Moral courage is the courage to take action for moral reasons despite the risk of adverse consequences.

Courage is required to take action when one has doubts or fears about the consequences.  Moral courage therefore involves deliberation or careful thought.  Reflex action or dogmatic fanaticism do not involve moral courage because such impulsive actions are not based upon moral reasoning.

Moral courage may also require physical courage when the consequences are punishment or other bodily peril.

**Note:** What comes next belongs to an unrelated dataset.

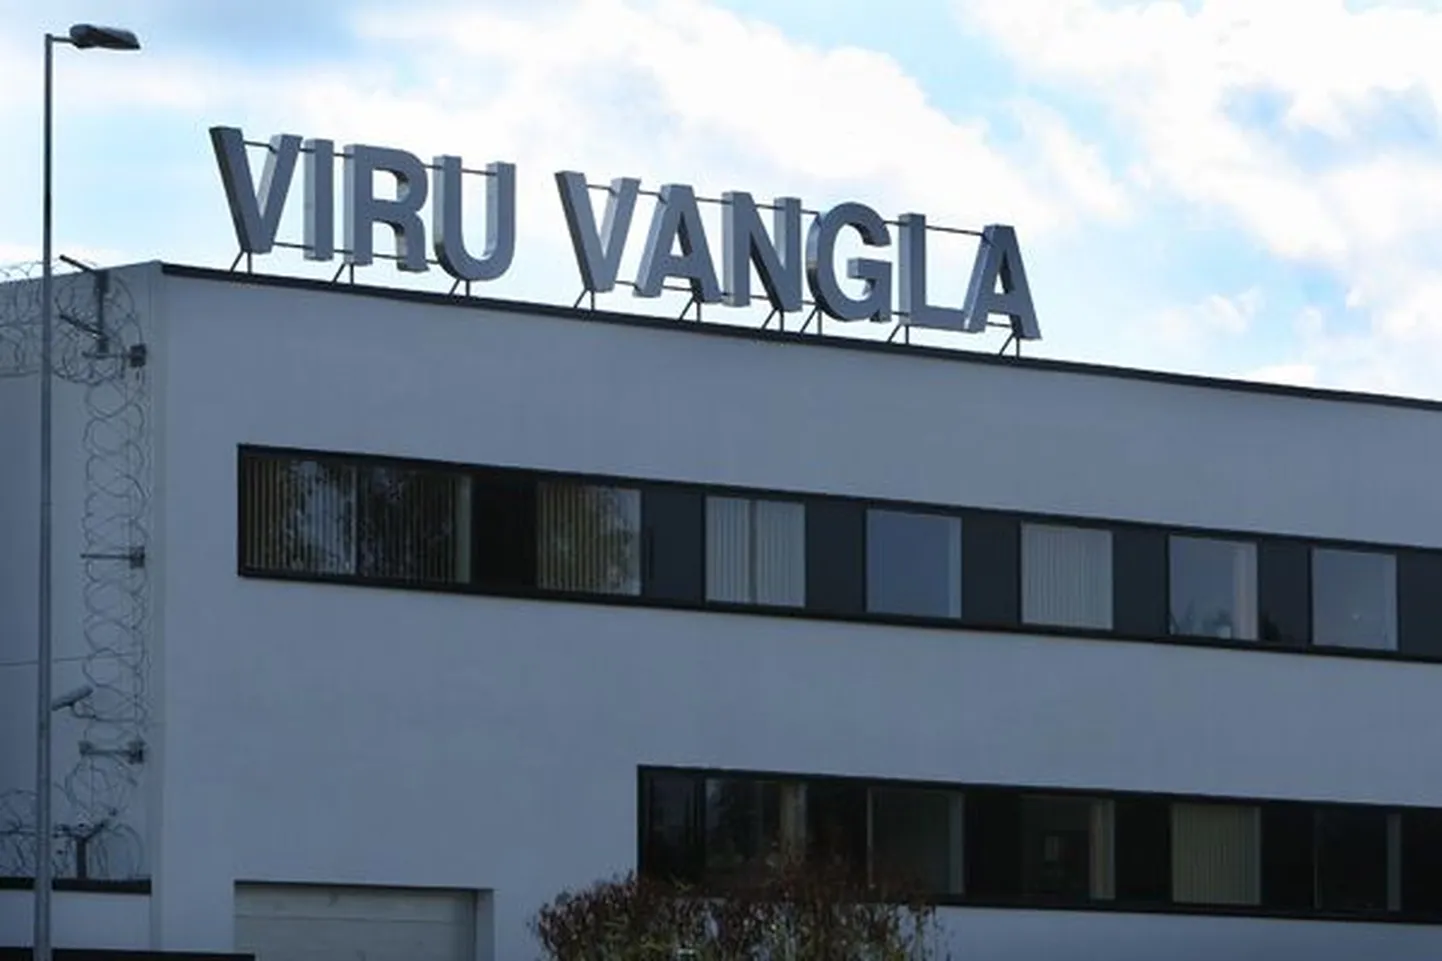 Viru Vangla.

Moral courage has been seen as the exemplary modernist form of courage.

Parenting approach
Parenting with the incorporation of moral courage can have an effect on the self-expression of the child during late adolescence. The development of moral courage within parenting is not only affected by the parent's passed down moral values but the children's autonomy on how to perceive and practice their moral values. Those who incorporate the practice of their morals values into their everyday lives engage in moral courage to protect those values as well.

Examples of moral courage

Discrimination example
As an example, moral courage can be shown through selfless actions aimed to diminish or eliminate discrimination.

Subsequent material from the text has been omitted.